» What is expected: Give a verbatim repeat of the lines that run from the line containing "Manufactured by Ghyczy (Netherlands)" to the end of the data below.

(Supplied data begins)

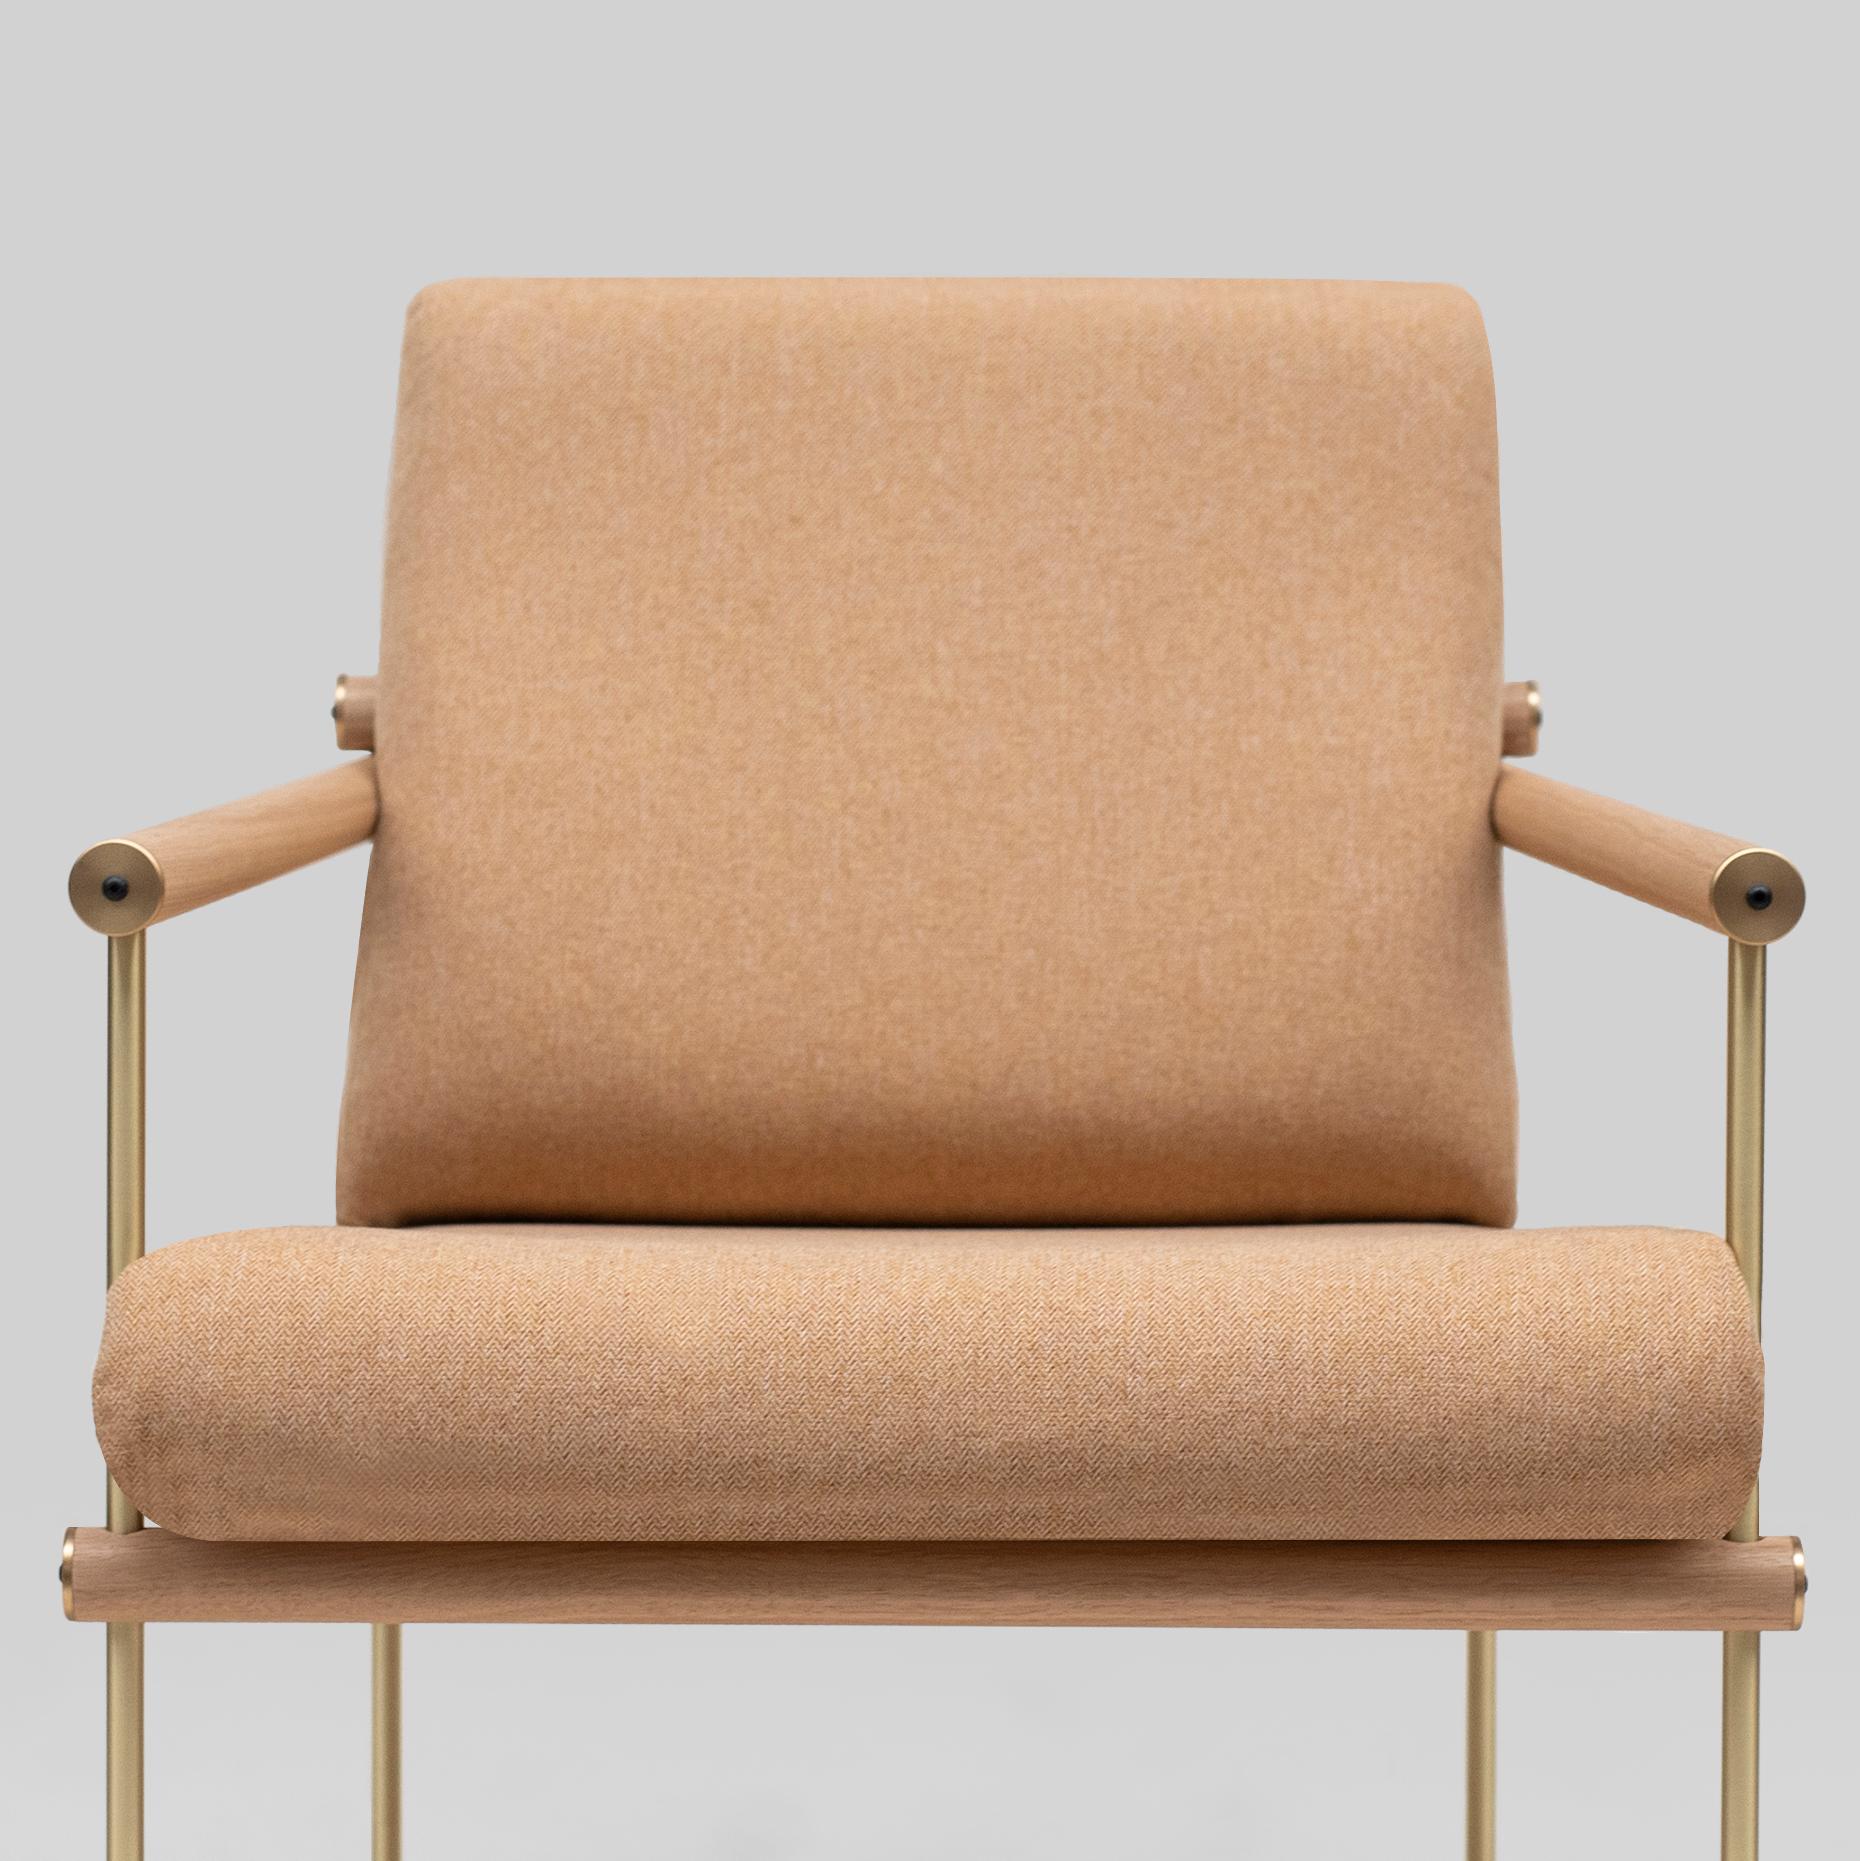 Armchair designed by Peter Ghyczy.
Manufactured by Ghyczy (Netherlands)

Playful construction of solid wooden rods and metal tubing is made possible by a special joinery between wood and metal. The loose seat and backrest cushions can be adjusted to

(Supplied data ends)

» Solution:
Manufactured by Ghyczy (Netherlands)

Playful construction of solid wooden rods and metal tubing is made possible by a special joinery between wood and metal. The loose seat and backrest cushions can be adjusted to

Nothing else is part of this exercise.